This may be a more general question than just polylith, but this is the context that I'm working in, so here goes. Is there a convention about where you should initialize database tables and possibly seed them with data? For example, if I'm creating a database component, should I ensure the tables are created when that component is instantiated? Or is a better approach to have a schema component where each schema can be instantiated independently?
I have seen a few different examples, but I wasn't sure if there was a best practice.
I think it's better (safer) to have an explicit database migration project that can be run as needed.
At work, we have a migration project with a base, that is a CLI, and then a couple of components that deal with regular migrations (e.g., that you'd run in dev, CI, QA, production, ...) and dev-specific stuff that you'd run in dev/CI only.
Since the whole repo in Polylith is versioned atomically, then your deployment can always run the "current" migration artifact as part of that process, since it'll be in sync with your code by definition.
Do you use a specific tool for migrations?
If you're only building a single, deployable application/artifact, you could include the migration step as part of startup I guess, but I don't like the "magic" of that in general.
We started writing our migration stuff back in 2010 so it's custom. If we were starting over, I'd use Migratus I think.
One of the key decision points is how automated you want your migrations (to QA, production, etc) and also how you want to handle dev/test-only migrations (e.g., adding known test data). The former will include fixed metadata stuff, if your system needs it, since that'll need to go to QA / production. The latter should never go to QA / production.
Thanks! I'll check out Migratus. I've used a tool called Prisma before that has a built-in migration tool, but I don't think it has a Clojure client.
We have a table in the DB that tracks what migrations have been applied, and then we have a folder full of NNNNN*.sql files where NNNNN is just an increasing number. NNNNNdev*.sql files only get applied on dev/test envs. So it's pretty simplistic. Migratus is more robust and supports both up and down migrations (our system only does up migrations).

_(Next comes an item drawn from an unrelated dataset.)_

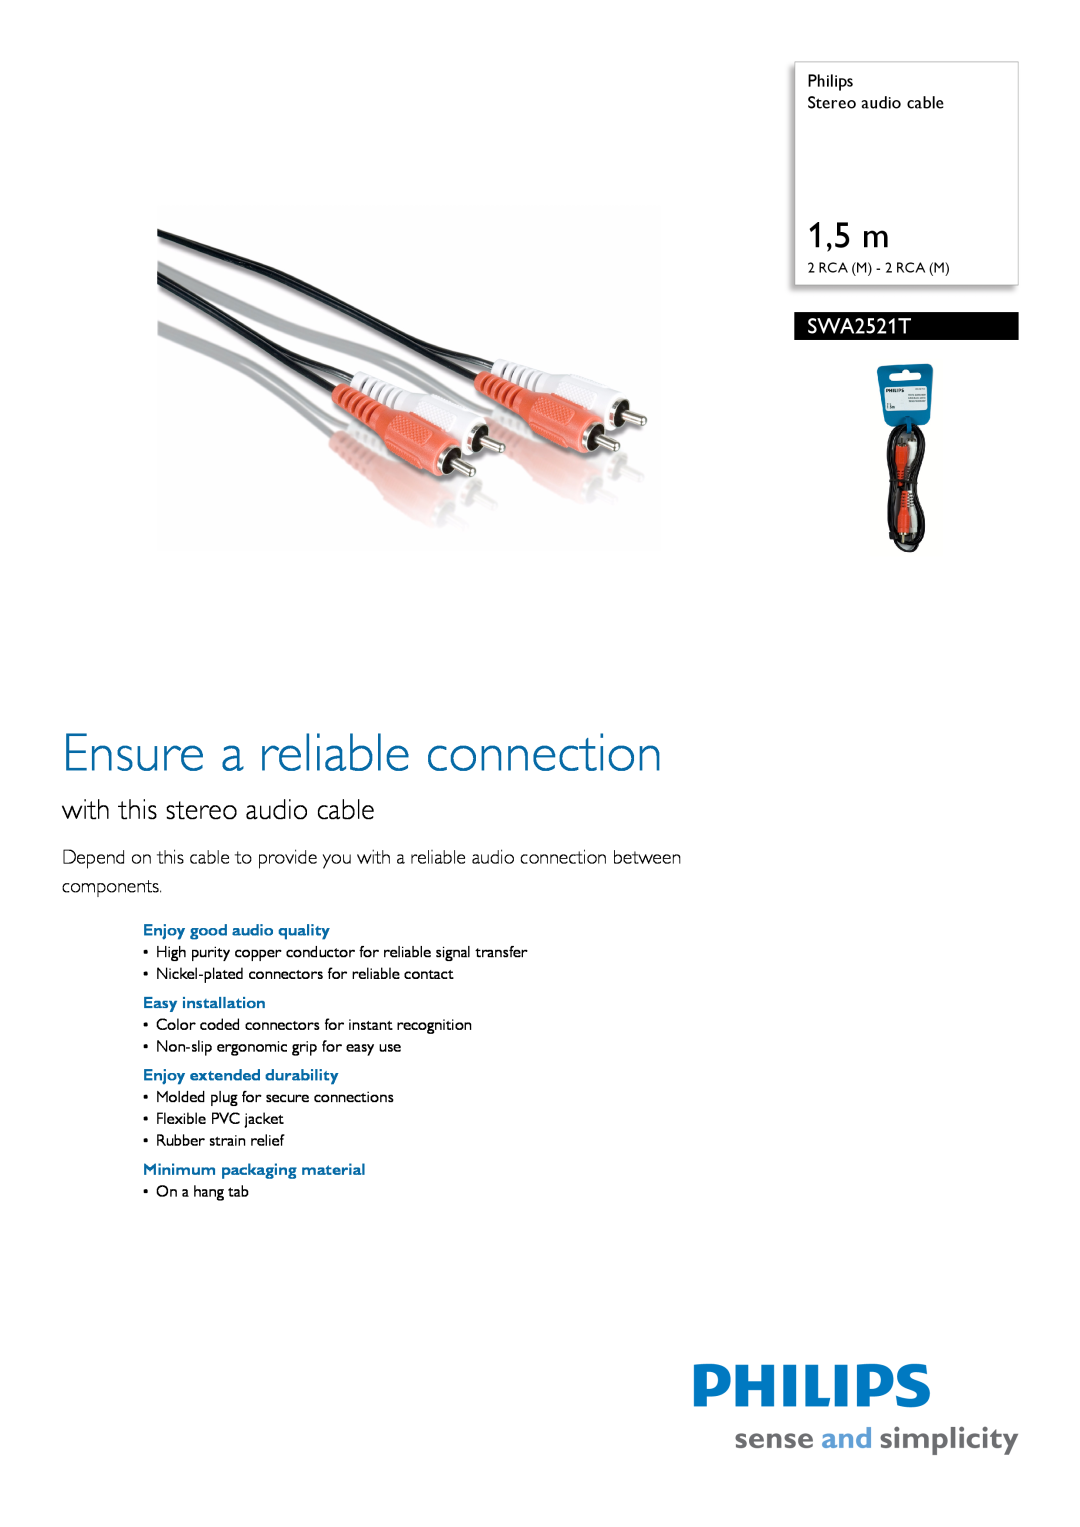 Philips SWA2521T manual Philips Stereo audio cable, Ensure a reliable connection, 1,5 m, with this stereo audio cable

(we're at NNNNN = 00983 at this point 🙂 )
Part of why I started thinking about this is that I set up an H2 database instance for local development, but I'm wondering if it would be easier to just go ahead and setup a migration strategy to whatever database I want to ultimately use.
Probably PostgreSQL
I am a big fan of using the same database on all tiers. And there's a purely embedded PostgreSQL if you don't want to deal with a local install for dev/test -- see the :test deps in next.jdbc's deps.edn and the test fixture code that starts the in-memory PG instance.
Okay, I will definitely look at that. It sounds like it will be very beneficial to go ahead and get the database side of the project in place before I move on to other things.
At least sketch out the machinery for dealing with schema change over time. It'll make all your subsequent development easier.
Yup my project uses migratus, it's good. Rather than have migrations handled by a project, they're in the db component itself.. But after reading the idea of handling them in a project+base, I feel like that would have solved a few issues I encountered initially; and would help not just running migrations automatically every time the application starts (works for now but will cause issues later I'm sure). glad I read this discussion!